Romans is a 2013 Indian Malayalam-language comedy thriller film directed by Boban Samuel. The film is produced by Arun Ghosh and Bijoy Chandran under the banner Chand V Creations. The film stars Kunchacko Boban, Biju Menon and Nivetha Thomas.
The core plots were inspired from 1989 American comedy film We're No Angels, directed by Neil Jordan.

The film released on 17 January 2013, and received positive responses from critics. The film was an all-time blockbuster at the box office.

Plot
Akash and Shibu are two convicted criminals. They are being transported to a jail with another convict via train. Shibu and the other convicts beat the cops traveling with them and Shibu jumps out of the train with Akash.

Meanwhile, not so far away is a village called Poomala, which is on the Kerala - Tamil Nadu border. Poomala is home to a famous century-old Latin Catholic church which had been closed for years. Thommichan is the only prominent and wealthy man in the village and is highly respected by the townsfolk. He attempts to get two priests to come and reopen their church. The men said that they could not come, but Thomichan mishears them saying that they will come. Thomichan starts preparations to welcome the priests.

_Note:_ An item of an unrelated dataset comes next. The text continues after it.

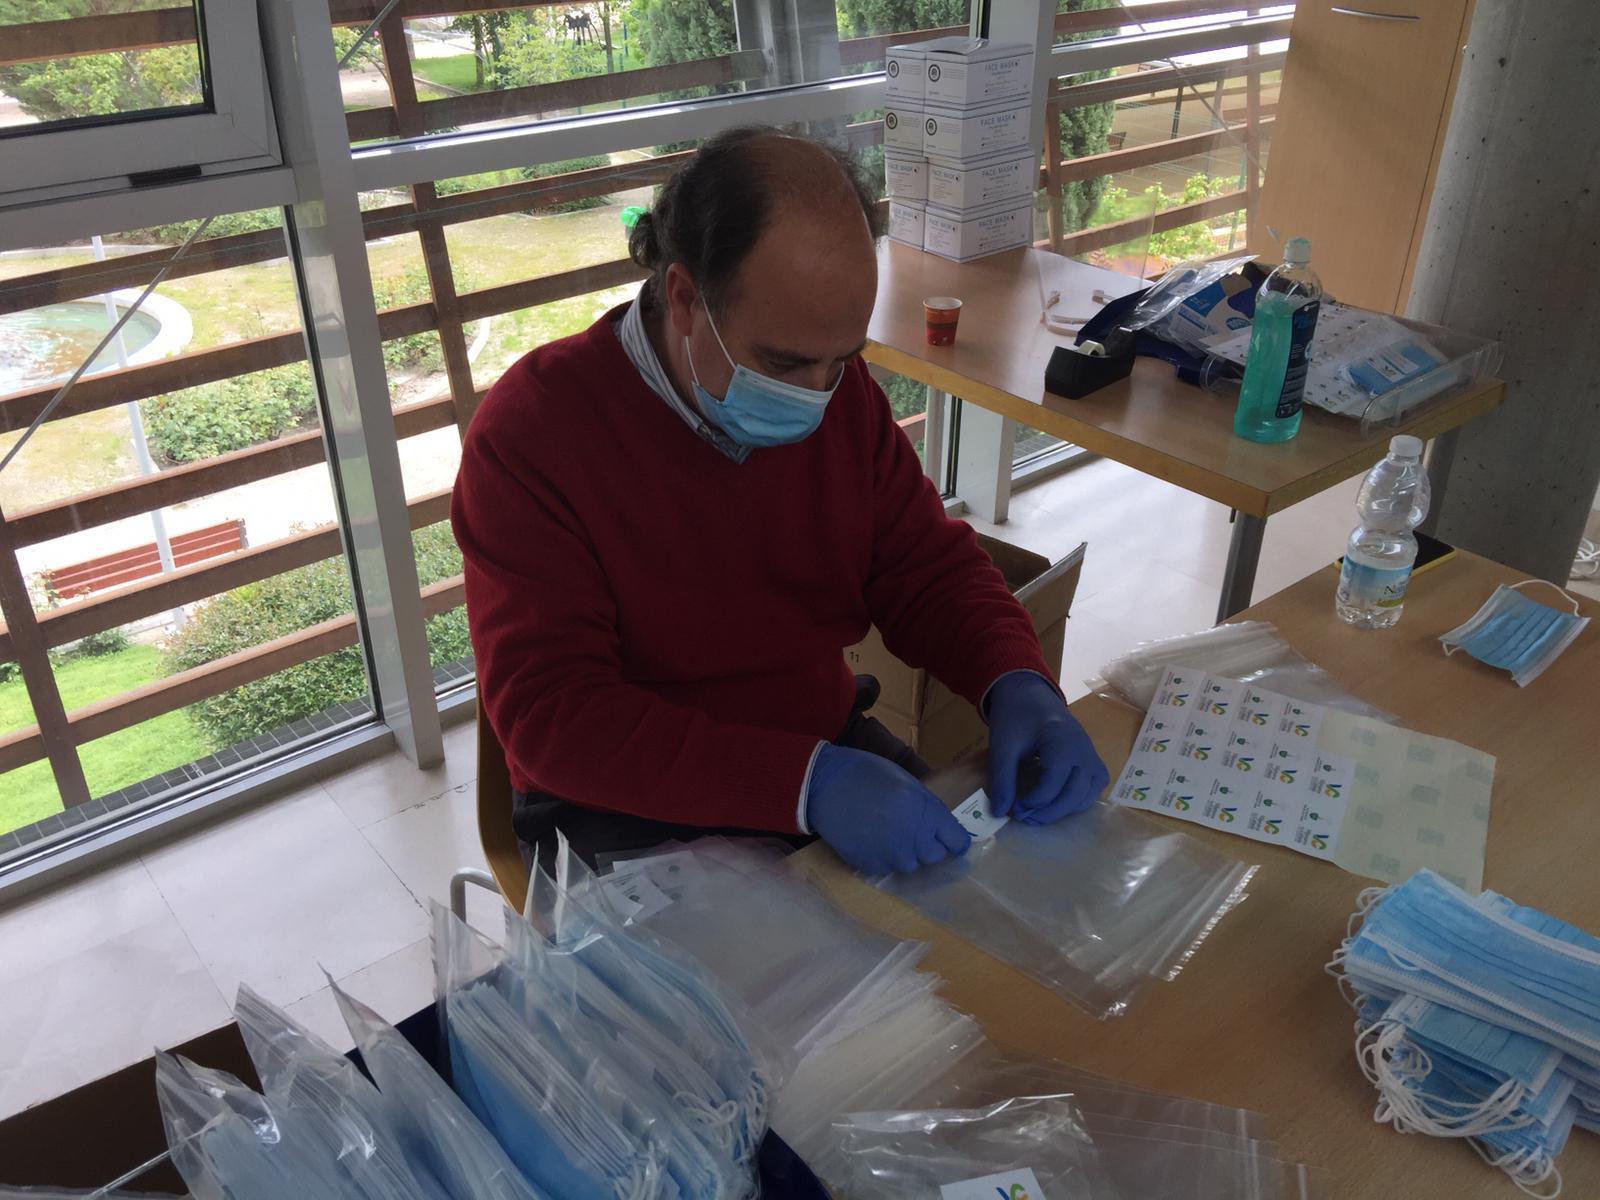 Uno de los voluntarios realizando la labor de etiquetado de las mismas.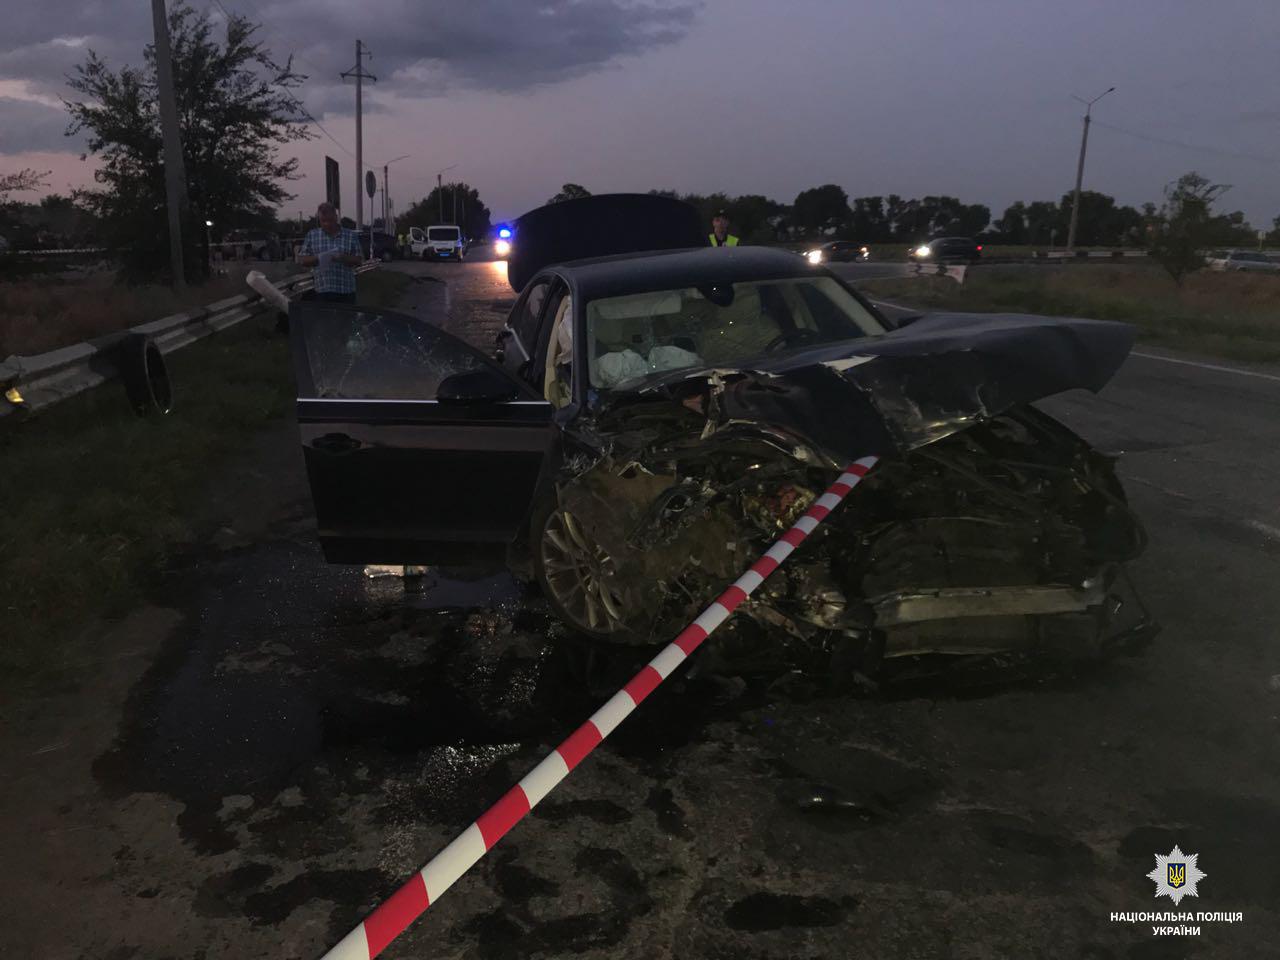 Под Днепром автобус столкнулся с авто: есть погибшие - фото

Akash and Shibu reach Poomala. They end up reaching the church and they find themselves surrounded by the townsfolk. Soon, they realize that the people have mistaken them to be the priests. The men begin to masquerade as priests to avoid being captured. Akash becomes Fr. Paul and Shibu becomes Fr. Sebastian aka Sebu.

The men find luck on their side as their doings end up having positive effects and strengthening the belief of the townspeople. Shibu causes the old, unused church bell to fix itself while he was trying to steal it. Another example is when they are to cure the insanity of the mother of Mathukutty, a tailor. The crazed woman attacks them and unknowingly hits a socket and gets electrocuted, which cures her. But the event leaves Geevarghese, a preacher who does not like the new priests to unknowingly get electrocuted and become insane.

The men constantly hear the people saying that they 'Came even after knowing everything'. The duo have no idea what the people mean by that. They ask Achankunju, the sexton, about the matter and he tells them the truth.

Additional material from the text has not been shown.